6. Labor, supplies, receipts, and rates

  • Maintenance enters hours and selects a work type: General or Technical.
  • Managers / office set the internal hourly rates for each work type.
  • Mechanics do not see labor rates. Internal cost lives on the management side only.
  • Supplies can be entered in the receipt currency, including XCD.
  • Receipts and photos are internal evidence — they support the manager review and the billing handoff.
  • QuickBooks remains the accounting system of record. Vessel Ready supplies the operational evidence; QuickBooks owns the invoice.
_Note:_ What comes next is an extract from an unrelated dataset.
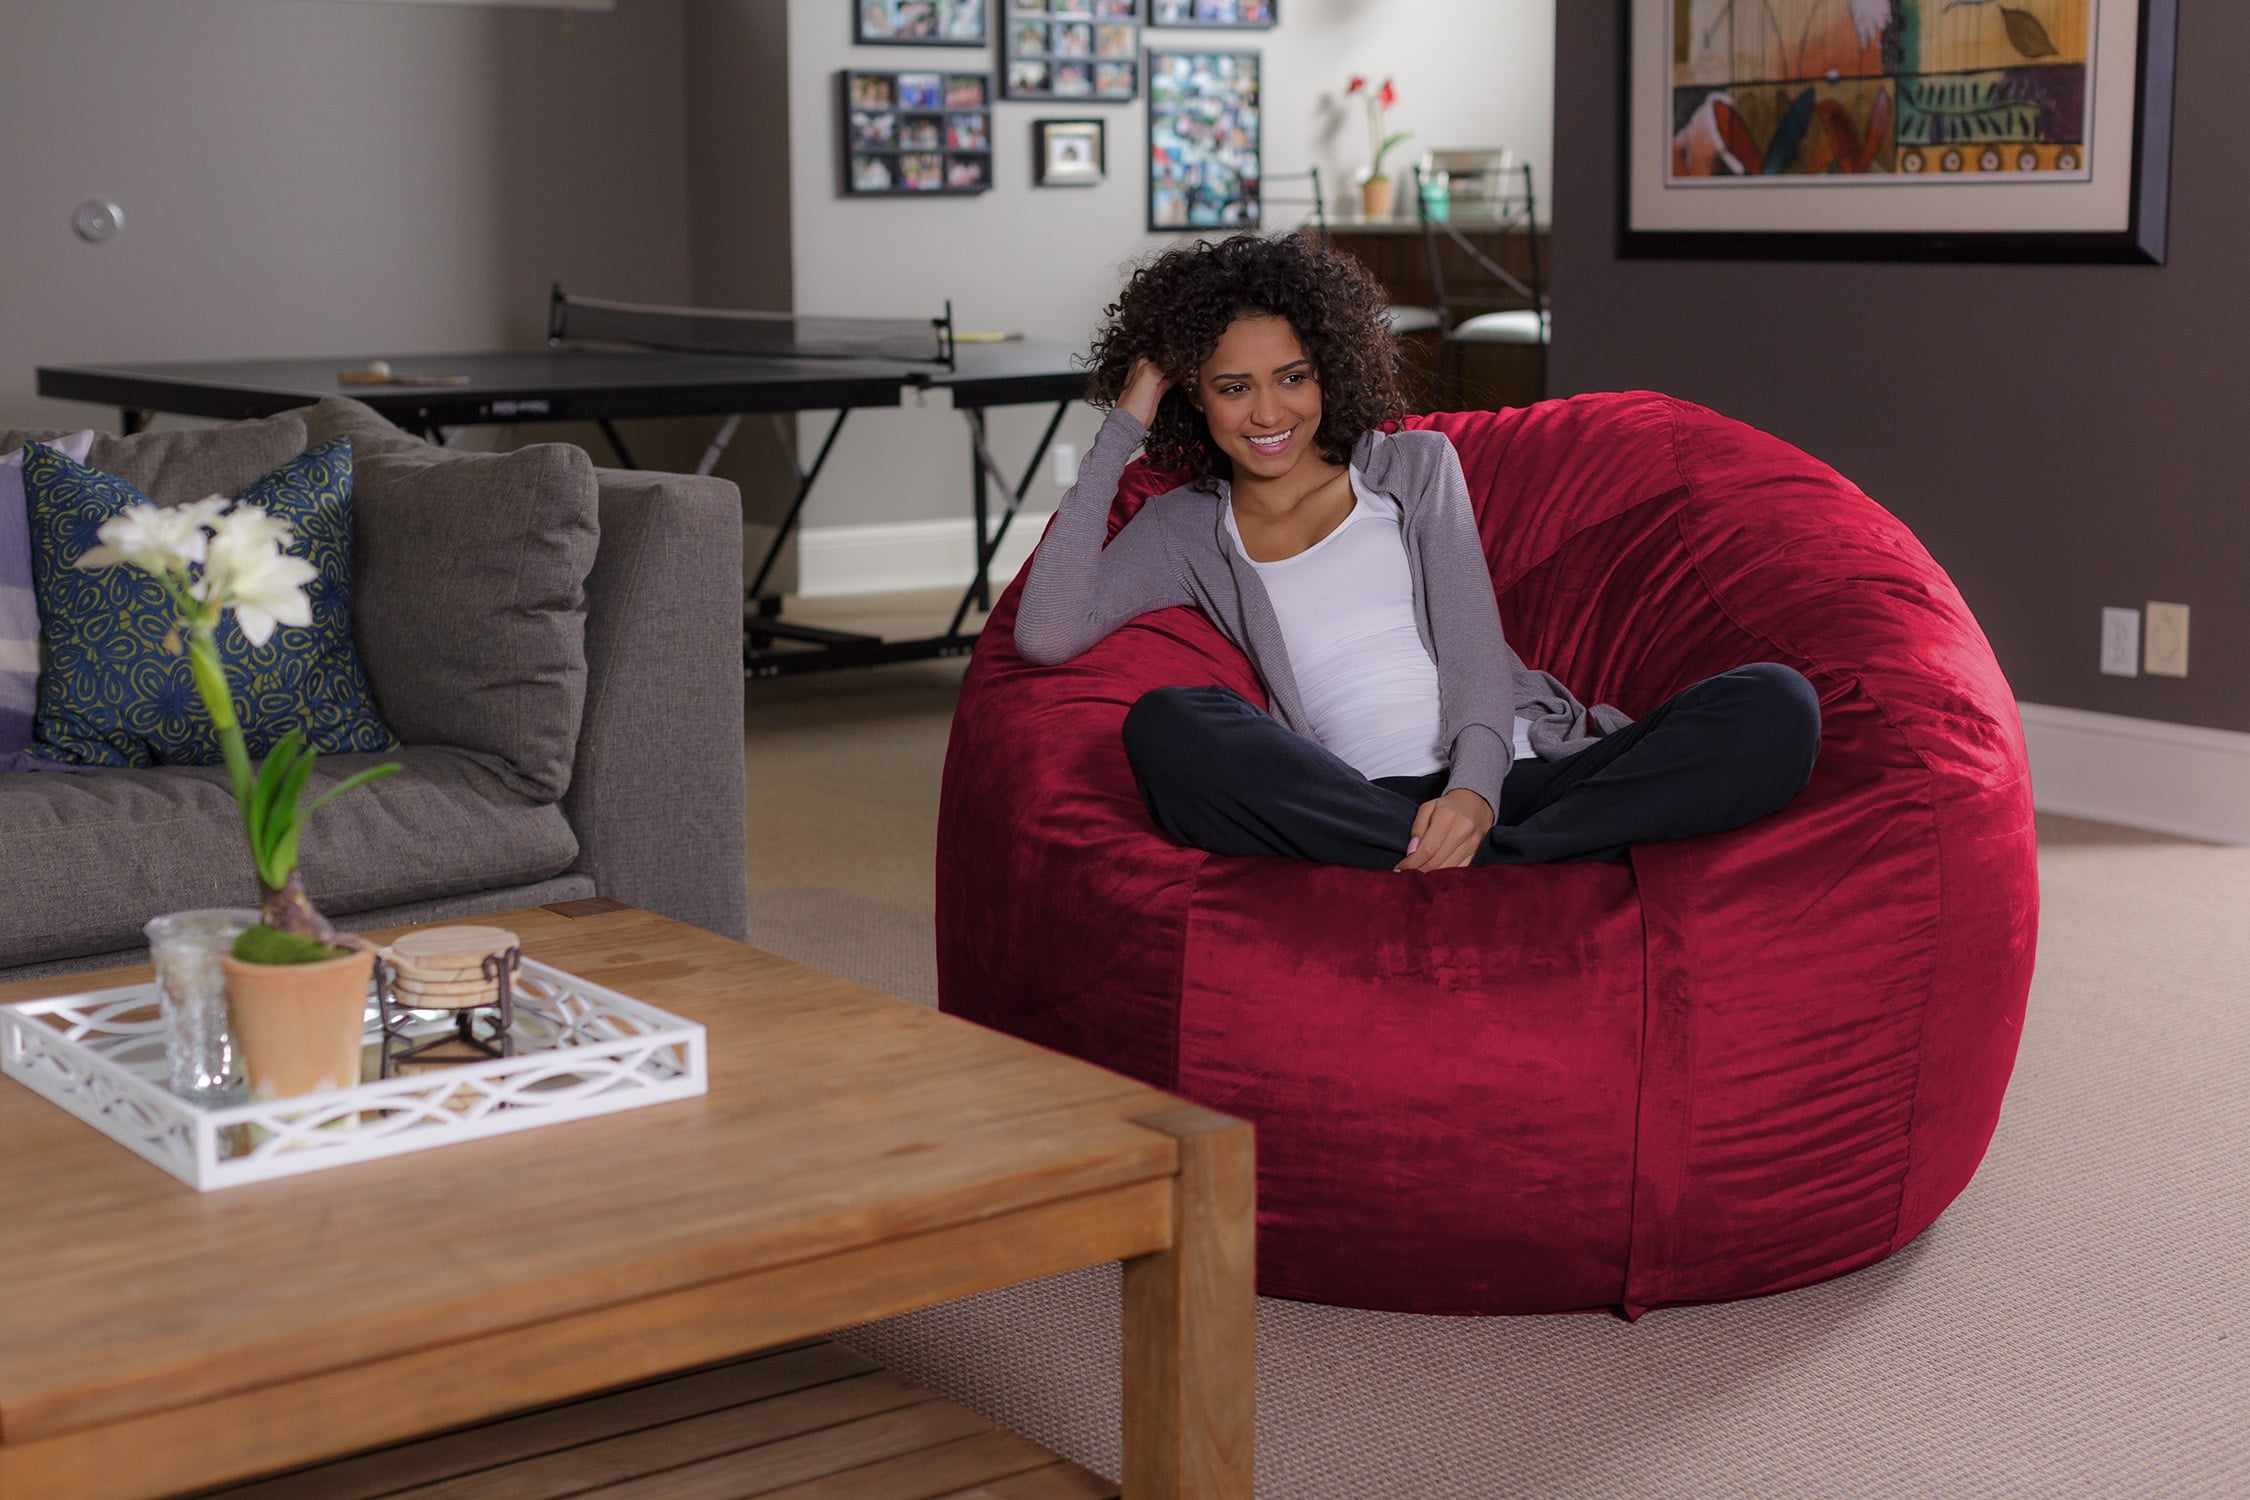 Big Huge Giant Bean Bag Chair for Adults, (No Filler) Bean Bag Chairs in Multiple Sizes and Colors Giant Foam-Filling Required- Machine Washable

7. What Vessel Ready is not replacing

  • Not QuickBooks.
  • Not payroll.
  • Not HR.
  • Not bookings.
  • Not a full ERP.

Vessel Ready is the operational bridge: reported issue → assigned work → evidence → manager approval → billing handoff. The systems either side of that chain stay where they are.

8. First pilot recommendation

For a new school / fleet pilot, start small:

  • One or two boats.
  • One manager.
  • One office / admin user.
  • One maintenance user.
  • One instructor / captain.
  • Run one full cycle: BSR → defect → assignment → My Work → review → Billing Queue.
Once that single cycle works end-to-end with real staff, scale the number of boats and users. Trying to onboard every boat and every user at once usually surfaces unrelated process questions and stalls the pilot.